Error Reporting and Debugging: Quite often while running a PHP script, one gets a blank screen, no error message but just the empty screen. The reason might be syntax error, failed function call, or something else. One need to turn on the error display options. Use "sudo find /etc -name php.ini -type f" to find the location of php.ini file (something like /etc/php/7.4/apache2/php.ini) and set "display_errors = On" in the file. The location (path) of php.ini file can also be looked into the output generated through phpinfo(); function. php.ini: update line "mysqli.default_user =" to mysqli.default_user = "root". Some programs may access fields such as $username = ini_get("mysql.default_user"); $passwd = ini_get("mysql.default_password");

Depending on which files user developer has access to, it may be needed to configure display_errors in .htaccess or PHP.ini file. Many hosting providers do not allow modification to PHP.ini file. In production version of codes, error messages must not be shown to the end users, yet information must be recorded for tracing purposes. The common way to record error messages in production environment is to store it in log files.
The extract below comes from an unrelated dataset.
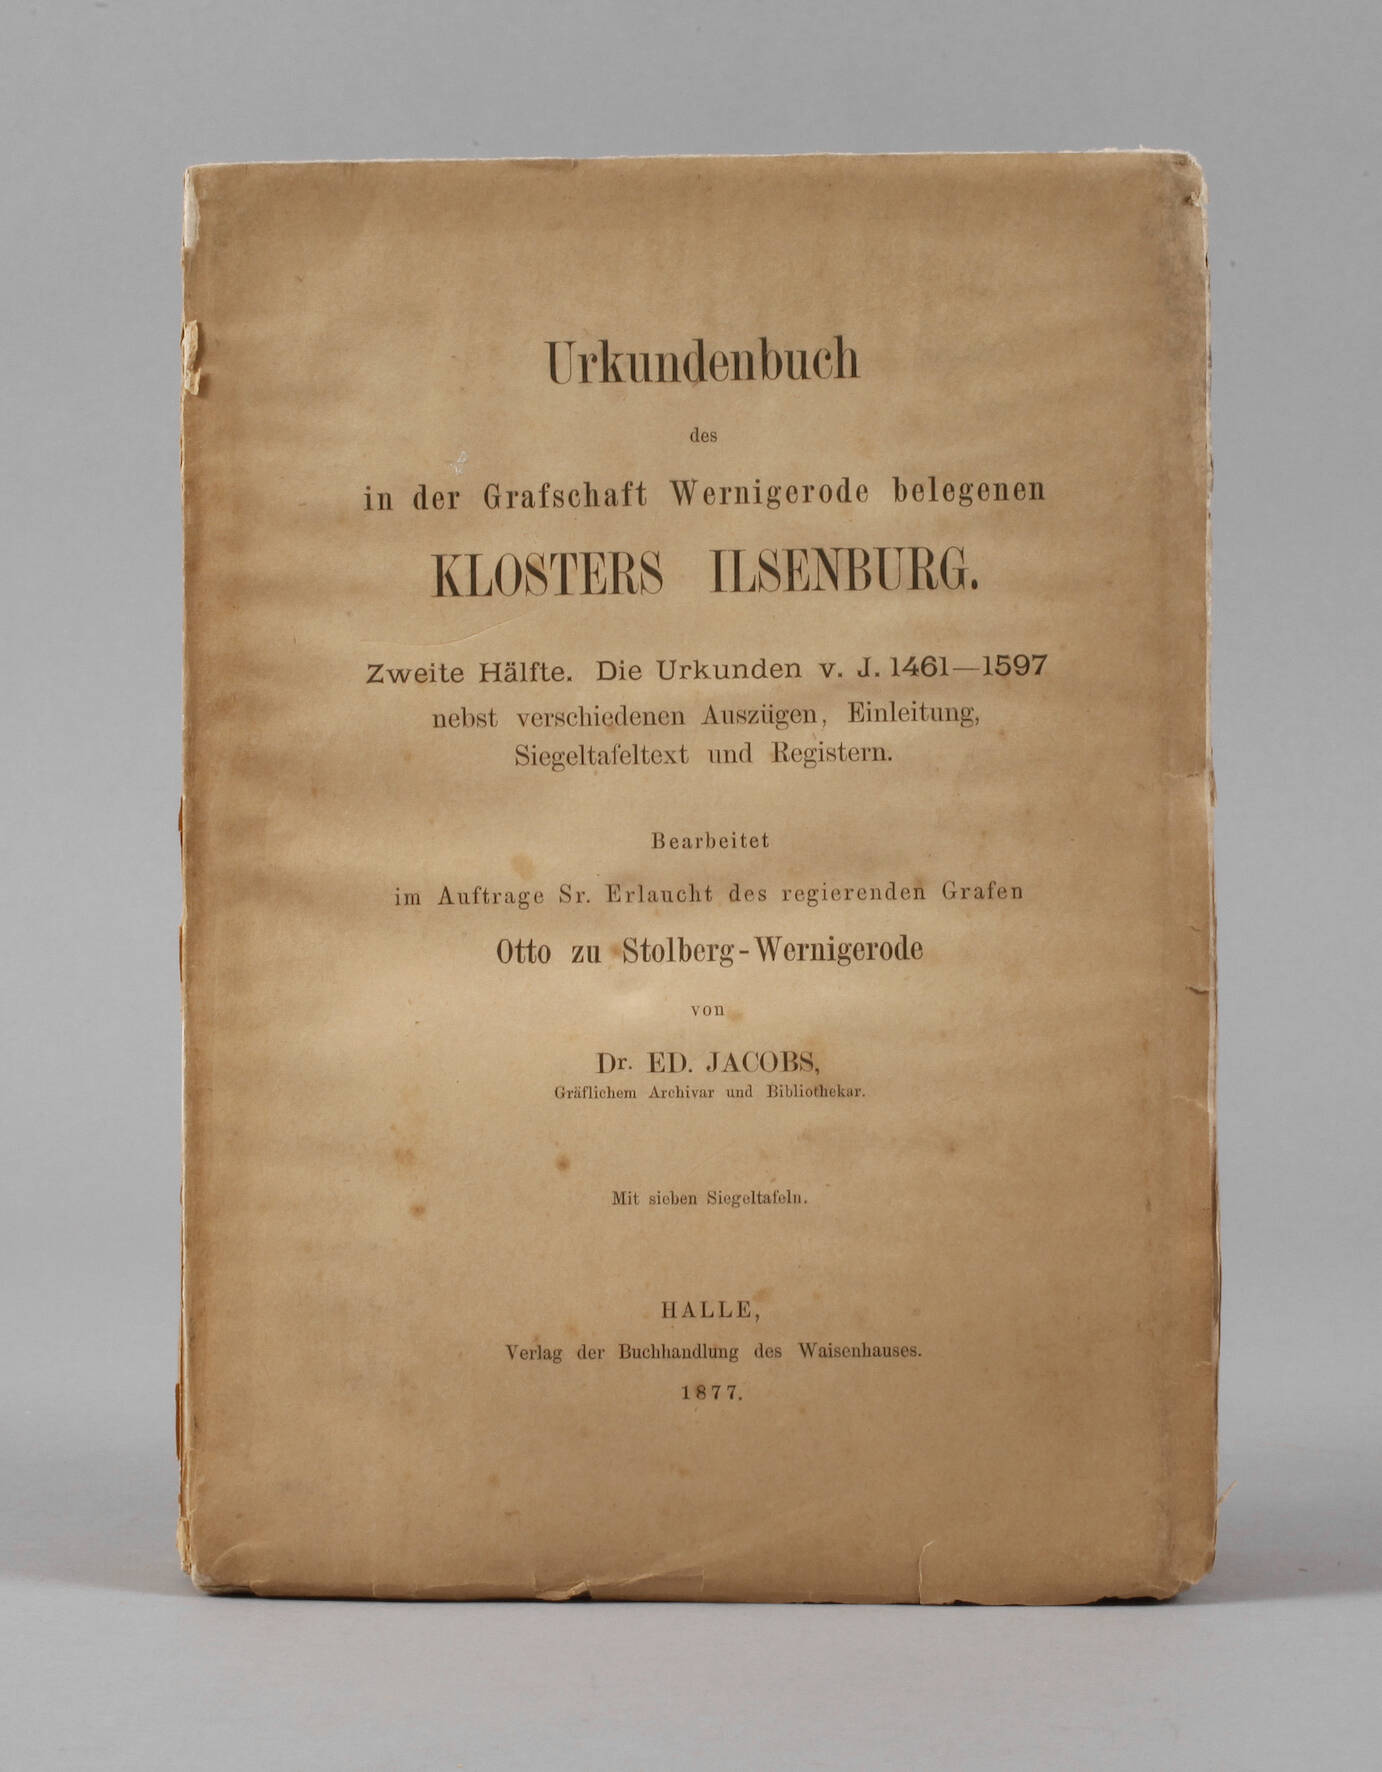 Urkundenbuch des in der Grafschaft Wernigerode

When working with PHP and AJAX calls, errors is difficult to track as they do not get displayed in the browser rather they are returned to the AJAX request.

The @ symbol, when placed before an expression, acts as an error control operator. When used with 'include' or 'require' statements, it suppresses error messages that would get generated if the included file cannot be found or if there is an issue during its inclusion.

"Notice: Undefined index" occurs when attempting to access an array key that does not exist within the array. This is a common warning, not a fatal error, but it indicates a potential issue in the code where an expected array key is missing. Use error_reporting(E_ALL & ~E_NOTICE); to suppress the warning (notice) messages.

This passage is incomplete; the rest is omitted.